▶ _SOURCE DATA_:
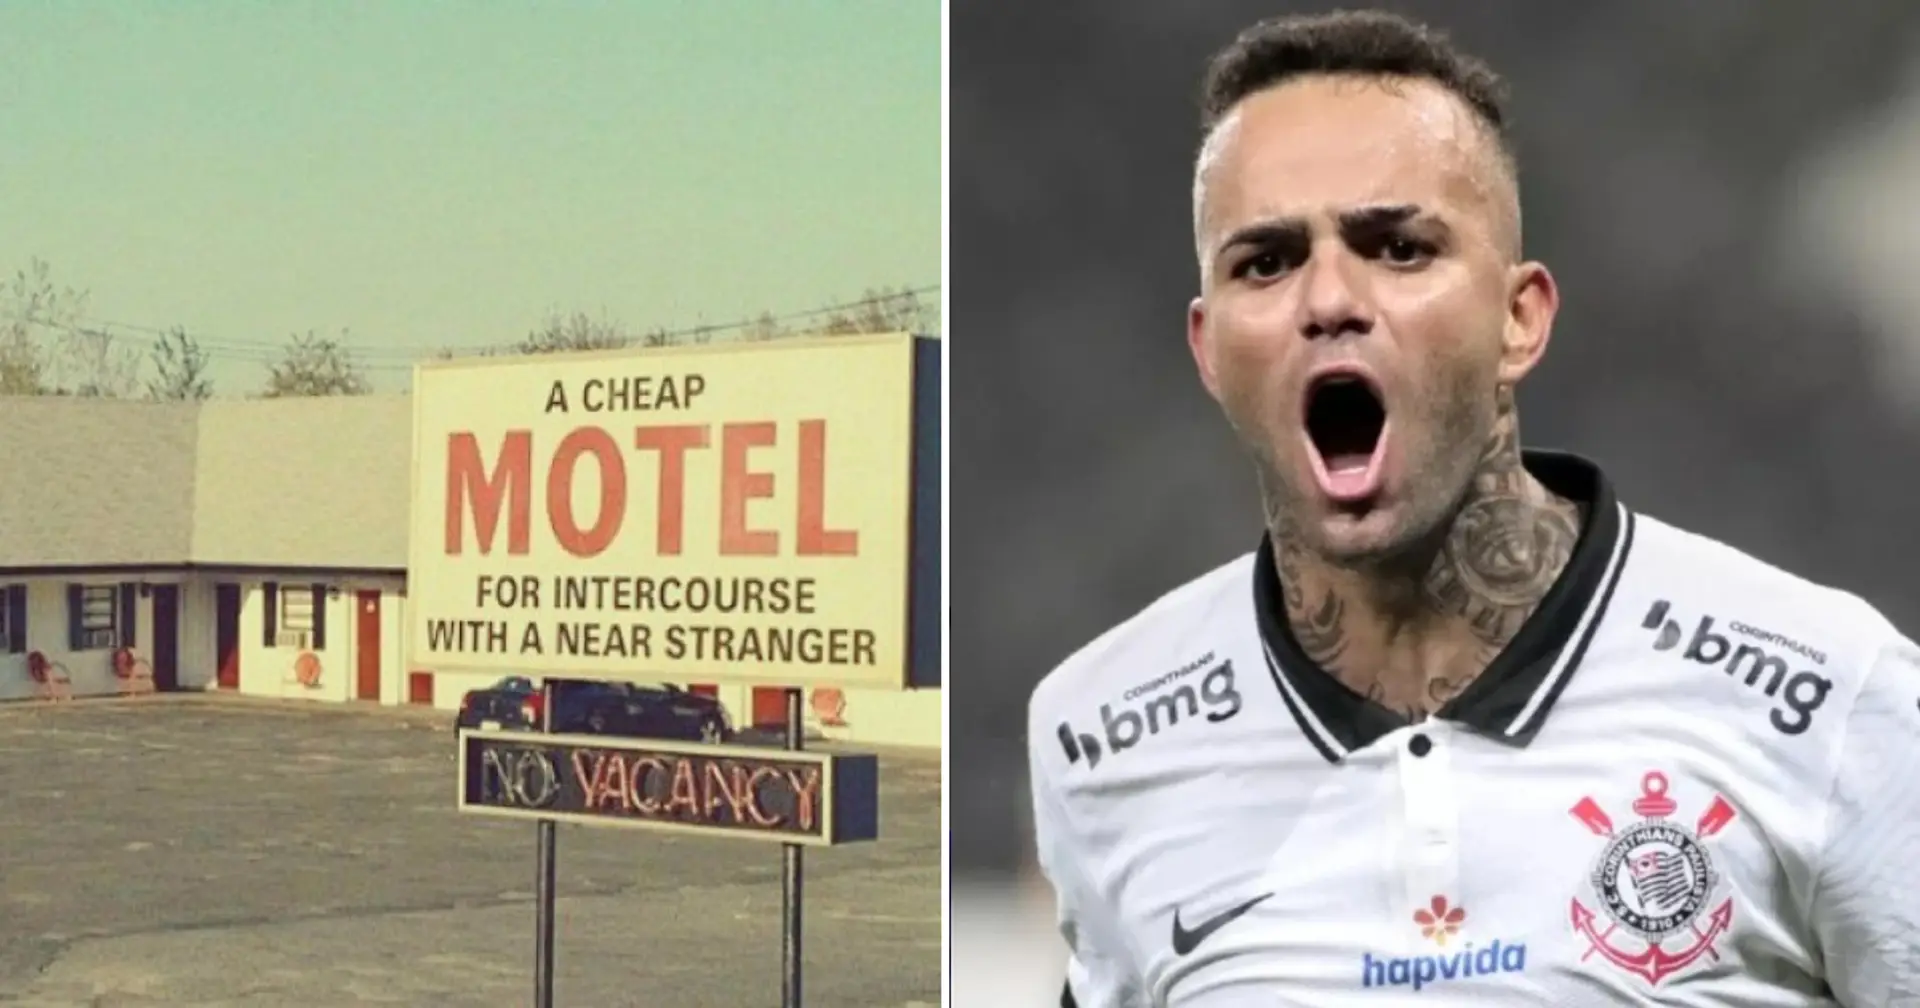 Corinthians-Fans attackierten ihren Star während einer Orgie mit 4 Frauen und verglichen ihn mit Eden Hazard
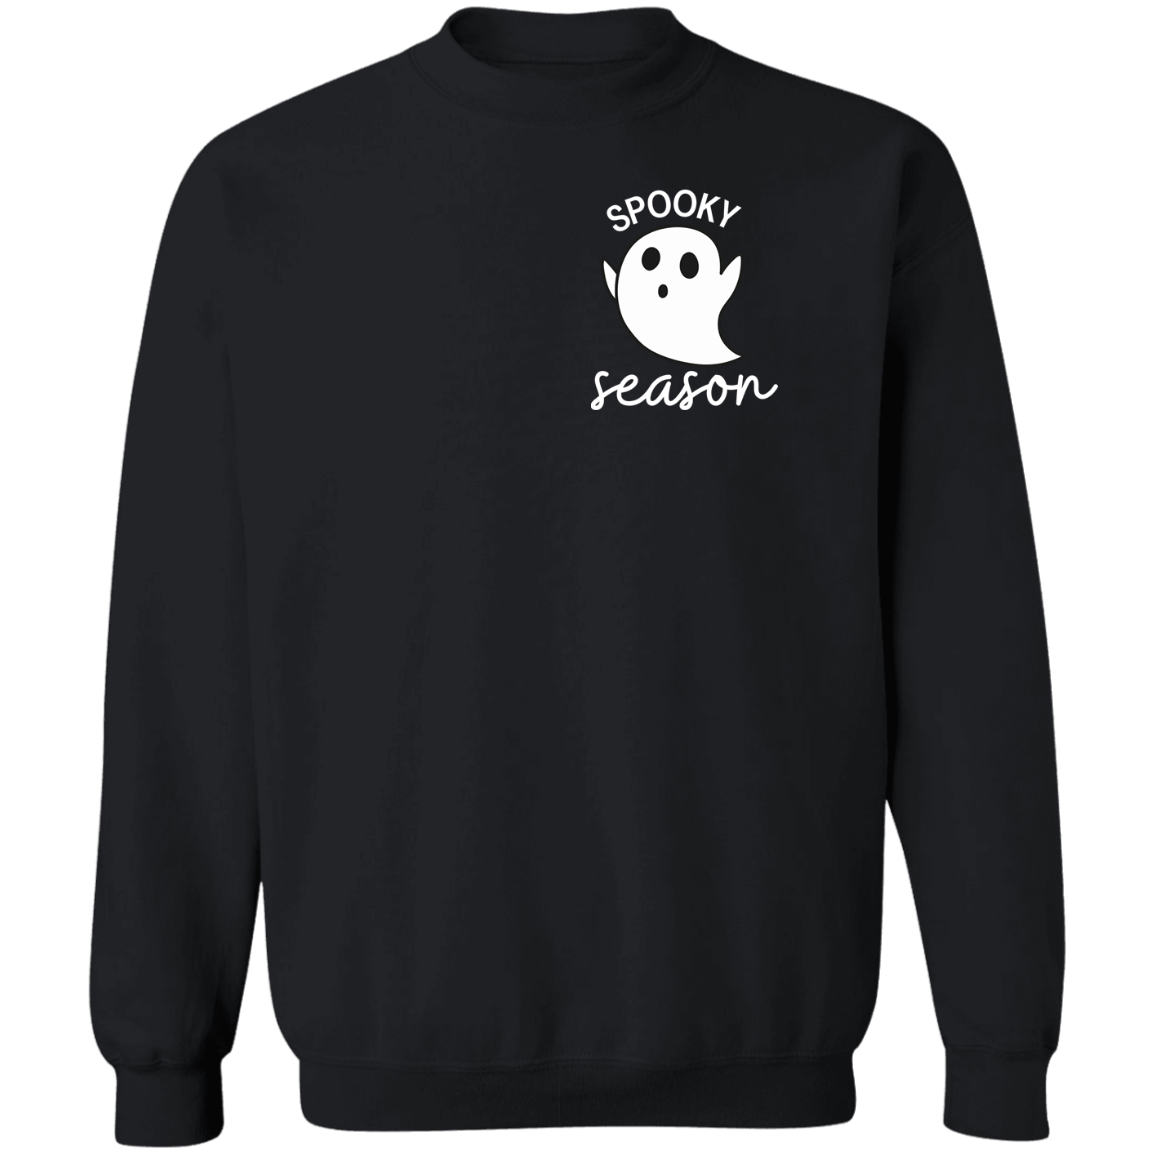 Spooky Season Crewneck Unisex Pullover Sweatshirt
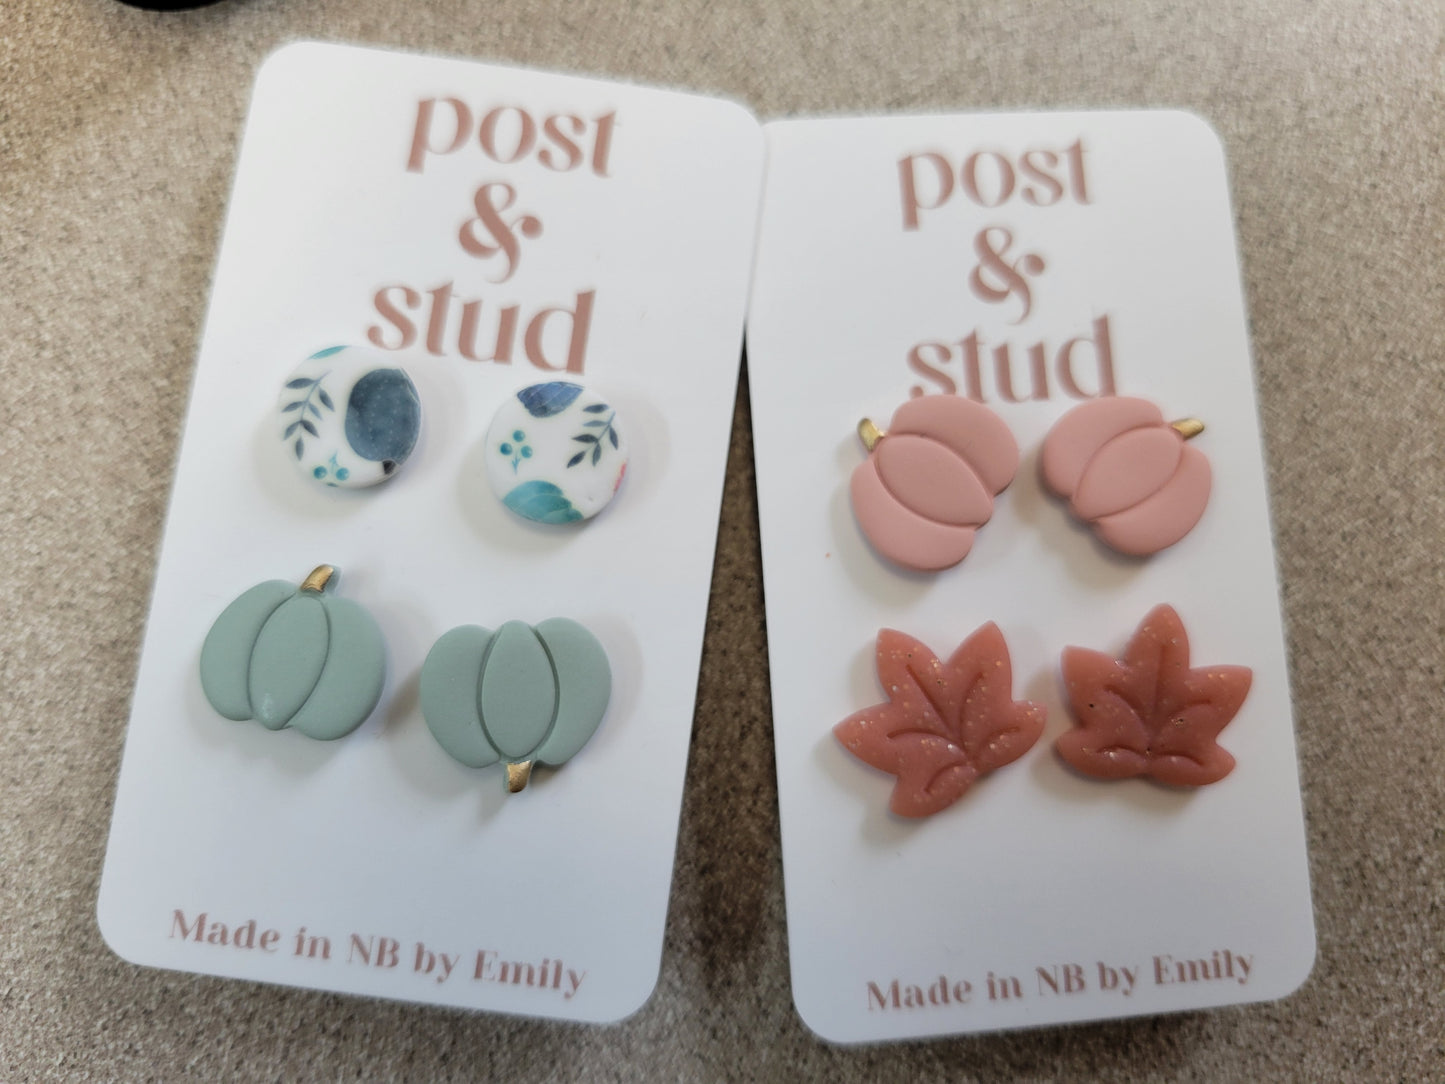 Post & Stud earrings

▶ _ASSIGNMENT_: The data above, line by line: transcribe it exactly and drop the pictures.

▶ _RESPONSE BOX_:
 Corinthians-Fans attackierten ihren Star während einer Orgie mit 4 Frauen und verglichen ihn mit Eden Hazard
 Spooky Season Crewneck Unisex Pullover Sweatshirt
 Post & Stud earrings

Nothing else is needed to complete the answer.